Glucocorticoids have an important role in treating HELLP syndrome. Glucocorticoids not only can promote fetal lung maturation and prevent hyaline membrane disease, but they also can improve maternal laboratory indices, especially BPC values. However, in the past 20 years, glucocorticoid treatment, especially high-dose glucocorticoids, has been controversial. The main mechanism of glucocorticoid treatment is alleviating dropsy, inhibiting endothelial activation, reducing vascular endothelial injury, increasing hepatic blood flow, preventing thrombotic microvascular hemolysis, and reducing platelet consumption. Some studies have shown that glucocorticoids can significantly improve BPC, LDH, ALT, and AST levels, blood pressure, and urinary volume. The lower primary BPC is, the more significant improvement is after glucocorticoid treatment. ² However, some scholars argue that glucocorticoids do not change maternal and fetal prognoses, and the mortality and complication incidence rates do not change with glucocorticoid treatment. Additionally, the long-term effectiveness of glucocorticoid treatment is unknown. Fetal growth and development indicators are unknown and high-dose glucocorticoids may lead to inhibition of the adrenal axis and postpartum depression.^12,13 To date, there have been insufficient large-sample, randomized, controlled studies to support regular glucocorticoids to treat HELLP syndrome. Because glucocorticoid treatment can increase BPC levels, there is the belief that that it can be clinically applied.
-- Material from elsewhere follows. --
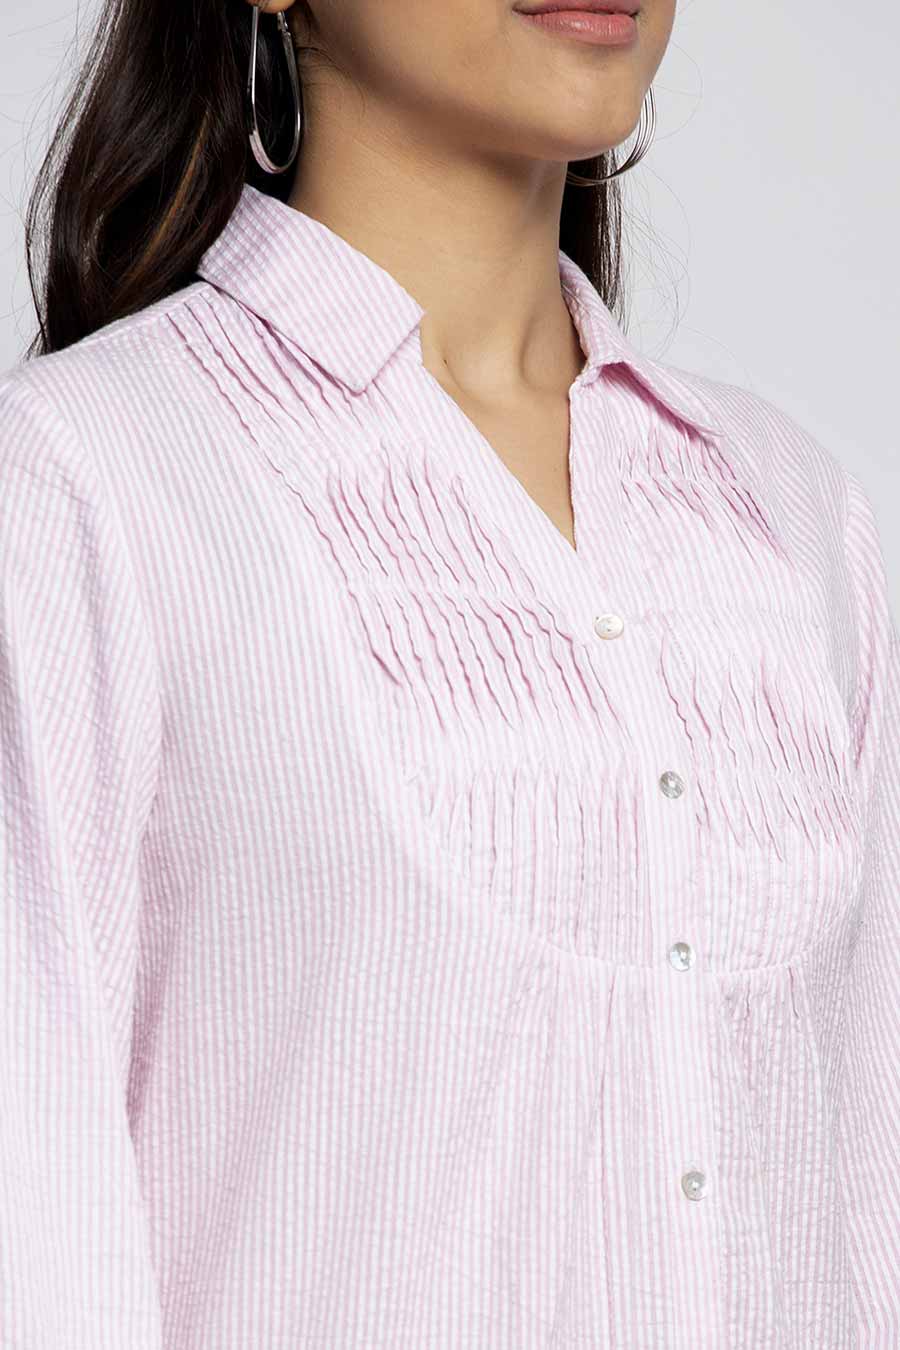 Pink Striped Shirt Tunic With Pintucks

This study was a retrospective analysis of high-dose glucocorticoid treatment for treating HELLP syndrome. Clinical information of 151 patients with HELLP syndrome was compared to analyze the role of high-dose glucocorticoid in improving maternal and fetal prognoses and laboratory indices. We found that general characteristics and disease progress, postpartum hemorrhage volume, postpartum hemorrhage rate, cumulative average of maternal damage, ICU admission rate, perinatal mortality rate, and overall incidence rate of adverse outcomes in fetuses were similar in the treatment and control groups. These findings suggest that high-dose glucocorticoids do not significantly improve maternal and fetal prognoses. Furthermore, high-dose glucocorticoids could not reduce use of blood products. These findings are consistent with previous reports. ⁵ In our study, improvement of hemoglobin, BPC, LDH, ALT, and AST levels in the treatment group was the same as that in the control group. This finding suggests that high-dose glucocorticoids do not significantly improve laboratory indices. This finding is not consistent with previous reports. ⁴ However, our study was a retrospective analysis, and not a randomized, controlled trail, with low verification efficiency. Furthermore, the number of enrolled patients in our study was insufficient. Therefore, large, controlled studies are required in the future to ensure the efficiency and safety of high-dose hormones.

In summary, we investigated the role of high-dose glucocorticoids in treating HELLP syndrome. Although high-dose glucocorticoids cannot significantly improve maternal and fetal prognoses and laboratory indices, our findings can offer some clinical evidence for treating HELLP syndrome. In the future, more patients should be enrolled in clinical, randomized, controlled trails, which are more scientific and robust to investigate this problem.